Step C: Turn all the infrastructure resources into a self-service, certified environment

The certified environment is delivered to developers via a catalog service. It’s basically a pre-configured stack of cloud resources designed to meet security and performance constraints. Cloudify provides a three-step approach to streamline the creation of service components:

  1. Importing and creating the new, self-service environment

Environments can be built from existing Terraform, AWS Cloud Formation, Kubernetes clusters, or Azure ARM components. Users can import and publish these to the Cloudify environment blueprint catalog and the software will generate a wrapper YAML blueprint that provides consistent I/O and relationship management among the resources. Users can also, of course, create composite environments from existing resources.

  1. Using a self-service environment

Developers can create new environments from a list of predefined certified environments via installation workflows. The installation trigger can be made through a GitOps action, CI/CD pipeline, a REST call, CLI or GUI.

  1. Updating an existing self-service environment

Cloudify provides a consistent update workflow across the infrastructure resources that covers updating Terraform modules, HELM charts, and Ansible playbooks. It also covers adding or removing a service from an existing stack and in-place upgrade of a resource. 

The diagram below illustrates those steps. You can also watch a demo showing this in more detail.

Figure 7: The three steps approach for creating self-service environments

The end result: Extremely simple developer experience without compromising on security

From a developer perspective, a platform looks like a smart pipeline that abstracts away infrastructure complexity and is resilient enough to handle continuous infrastructure updates and drifts. From a platform team perspective, a platform is a central place to govern and continuously update the infrastructure environments without breaking the developer pipeline. Cloudify is used as a platform that integrates these pieces.

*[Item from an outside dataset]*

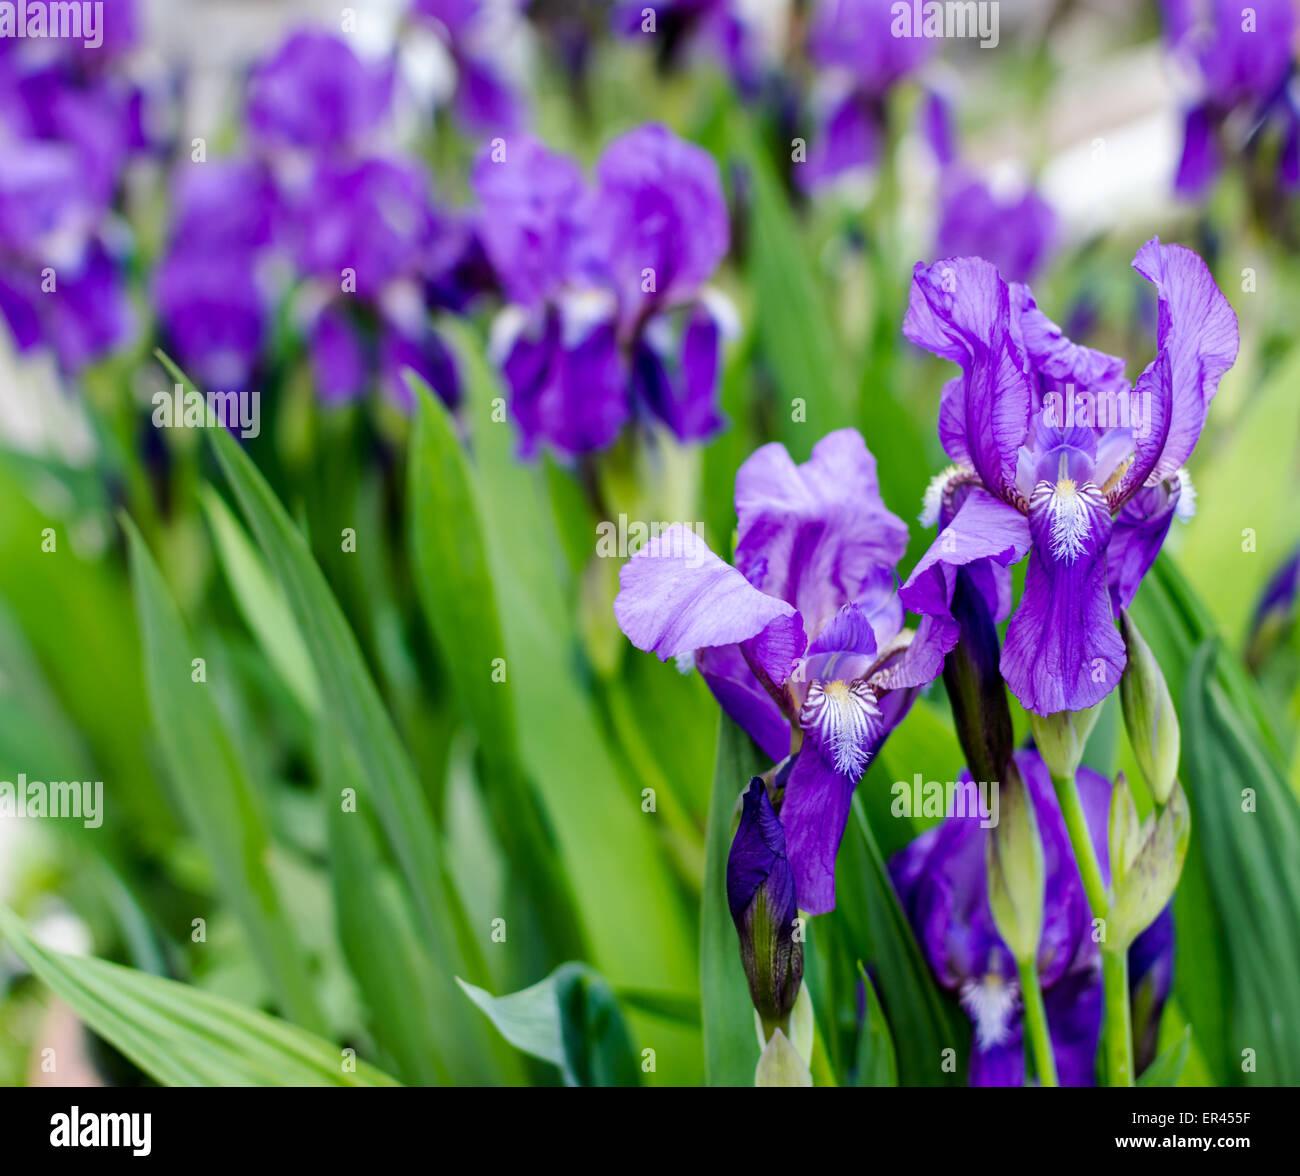 Bunch of iris flowers in full springtime bloom stock photo royalty bunch of iris flowers in full springtime bloom izmirmasajfo Image collections

Figure 8: Putting the developer and platform engineer together

It’s the developer experience, duh!

One of the biggest challenges in software engineering is finding the right balance between flexibility and simplicity. This is especially true in a highly secured and regulated environment. The main reason why previous attempts to solve this challenge have failed is that success requires a holistic approach to the entire development process, then building teams and infrastructure that will support it. In many organizations silos complicate implementation. This results in compromises that often solve one area of complexity while introducing others elsewhere. 

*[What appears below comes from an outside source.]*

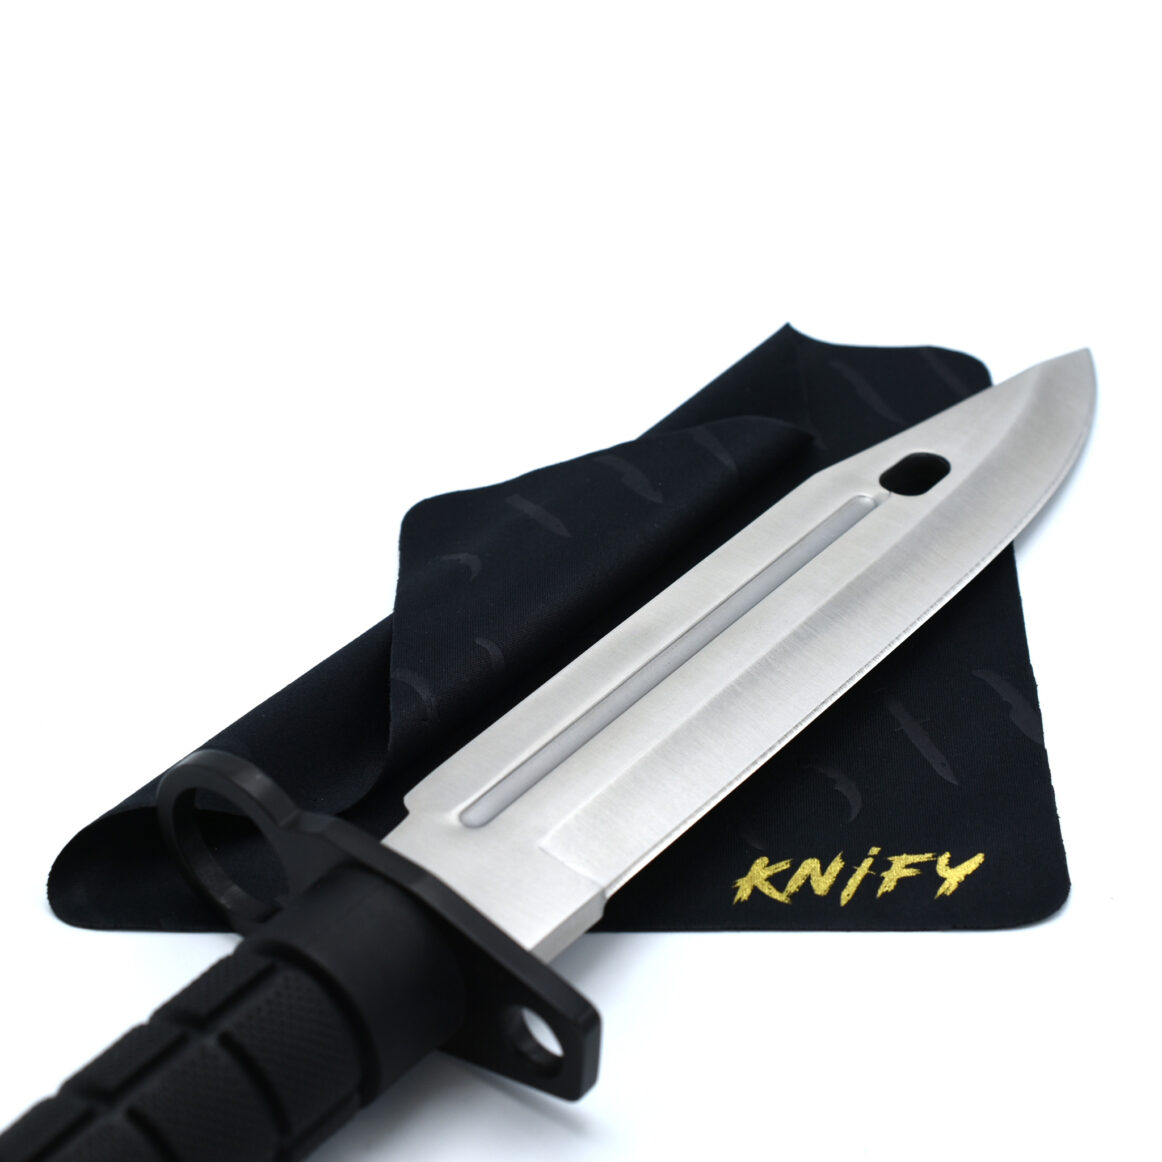 Real CS:GO Bayonnet Vanilla - IRL CS GO Knife

We were able to strike the right balance for this financial services organization. On one hand, developers get an extremely simple interface that abstracts away the unnecessary details of the underlying infrastructure. At the same time, the platform team has a full degree of flexibility to deliver almost any cloud service in a matter of minutes and in the process simplify one of the most complex DevOps tasks: handling the continuous update of those environments.

The lessons from this experience could serve teams that are now establishing a platform engineering strategy to avoid failing into the mistakes of the past. Open source, once again, serves as a great place to start for solving DevOps challenges.